Complex analysis problem, using limsup

Question

Im trying to solve the following problem.

Let $\Omega \in \mathbb{C}$ an open bounded set, let $f\colon \Omega \to \mathbb{C}$ be holomorphic, and supose there exists a constant $M \geq 0$ wich satisfies that if $(z_n)_{n\geq 1}$ is a convergent sequence of points in $\Omega$ such that if $\lim\limits_{n \to \infty} z_n \in \partial\Omega$ then $\limsup\limits_{n \to \infty} |f(z_n)| \leq M $.

Prove that for all $z \in \Omega$ we have $|f(z)| \leq M$.

My attempt: First supose $f$ is not constant because if it is constant i have nothing to prove, because the lim sup is equal to $f(z)$ in any point and it would be true. Then, as we said, supose $f$ is not constant, and supose the condition doesnt satisfies, that is there exists some $z$ such that $|f(z)| > M$, then the all the $z$ that do this cannot be a discrete set, because I can pick the maximum of the set and would get that the function is constant by the Maximum Modulus Principle. So the set $A =$ {$z$ such that $|f(z)| > M$} is infinite, now if $\overline A = \Omega$ i would reach a contradiction, because I can pick a sequence $(z_n) \subset A$, convergent to the border which would yield that $M < limsup |f(z_n)| \leq M$. The thing is if A is not dense in $\Omega$ then Im a bit lost.

Answer 1

You don't need that $A$ is dense, all you need is that there is at least one sequence converging to (a point of) $\partial\Omega$ with $\limsup \lvert f(z_n)\rvert > M$.

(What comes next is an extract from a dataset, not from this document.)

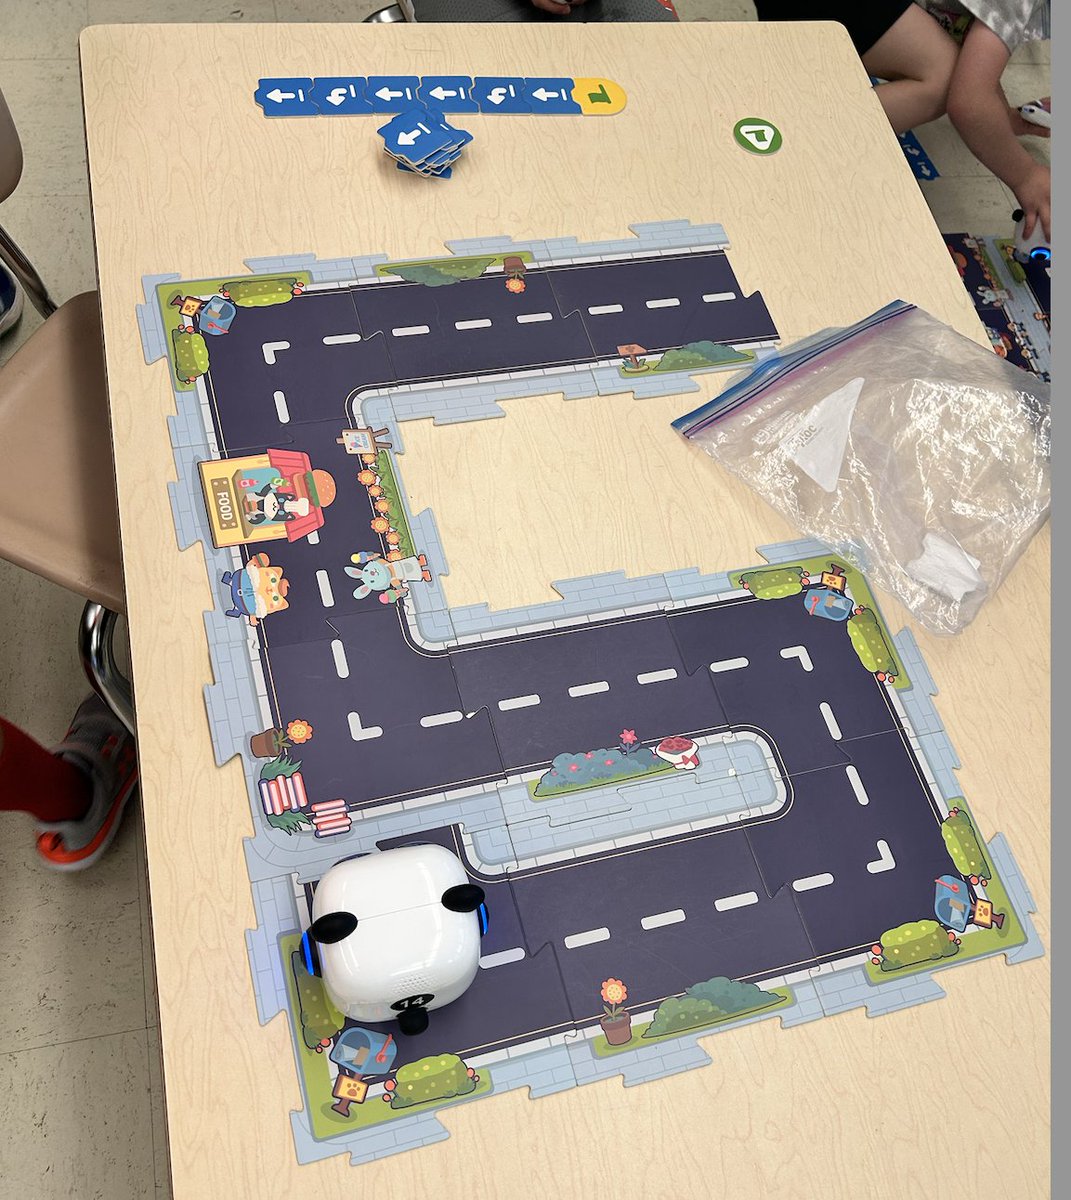 Kindergartners @BarleySheafFRSD were given the task of creating an 'algorithm' using their @MakeblockEdu city map. It always amazes me to see the creativity these Ss possess when they are given the freedom to explore! @rlosanno

On the path you started on, you can modify $A$, choose an $\varepsilon > 0$ such that $\lvert f(z)\rvert > M+\varepsilon$ for some $z\in\Omega$, and use $\tilde{A} = \{z \in \Omega : \lvert f(z)\rvert > M + \varepsilon\}$. When only demanding $\lvert f(z)\rvert > M$, you cannot deduce that $\limsup \lvert f(z_n)\rvert > M$ when $z_n$ is a sequence in $A$ converging to a point of $\partial \Omega$, therefore we only consider points where the value of $\lvert f(z)\rvert$ is larger than something fixed that is larger than $M$.

Then the problem is to deduce that there is at least one sequence in $\tilde{A}$ converging to a point of $\partial \Omega$. Now, if there weren't such a sequence, then $\tilde{A}$ would have a positive distance from $\partial \Omega$, that means there is a $\delta > 0$ such that

$$\tilde{A}\subset \Omega_\delta = \{ z \in \Omega : D_\delta(z) \subset \Omega\}.$$

But then $f$ would be holomorphic on $\Omega_\delta$ and continuous on $\overline{\Omega}_\delta$, and

$$\sup_{z\in\partial \Omega_\delta} \lvert f(z)\rvert \leqslant M+\varepsilon < \sup_{z\in\tilde{A}} \lvert f(z)\rvert$$

contradicts the maximum modulus principle.

Answer 2

Take the closure of the curve union lim sup. Take max of closure.
By Max mod principle , the max is on the boundary.
Only lim sup could be on the boundary. QED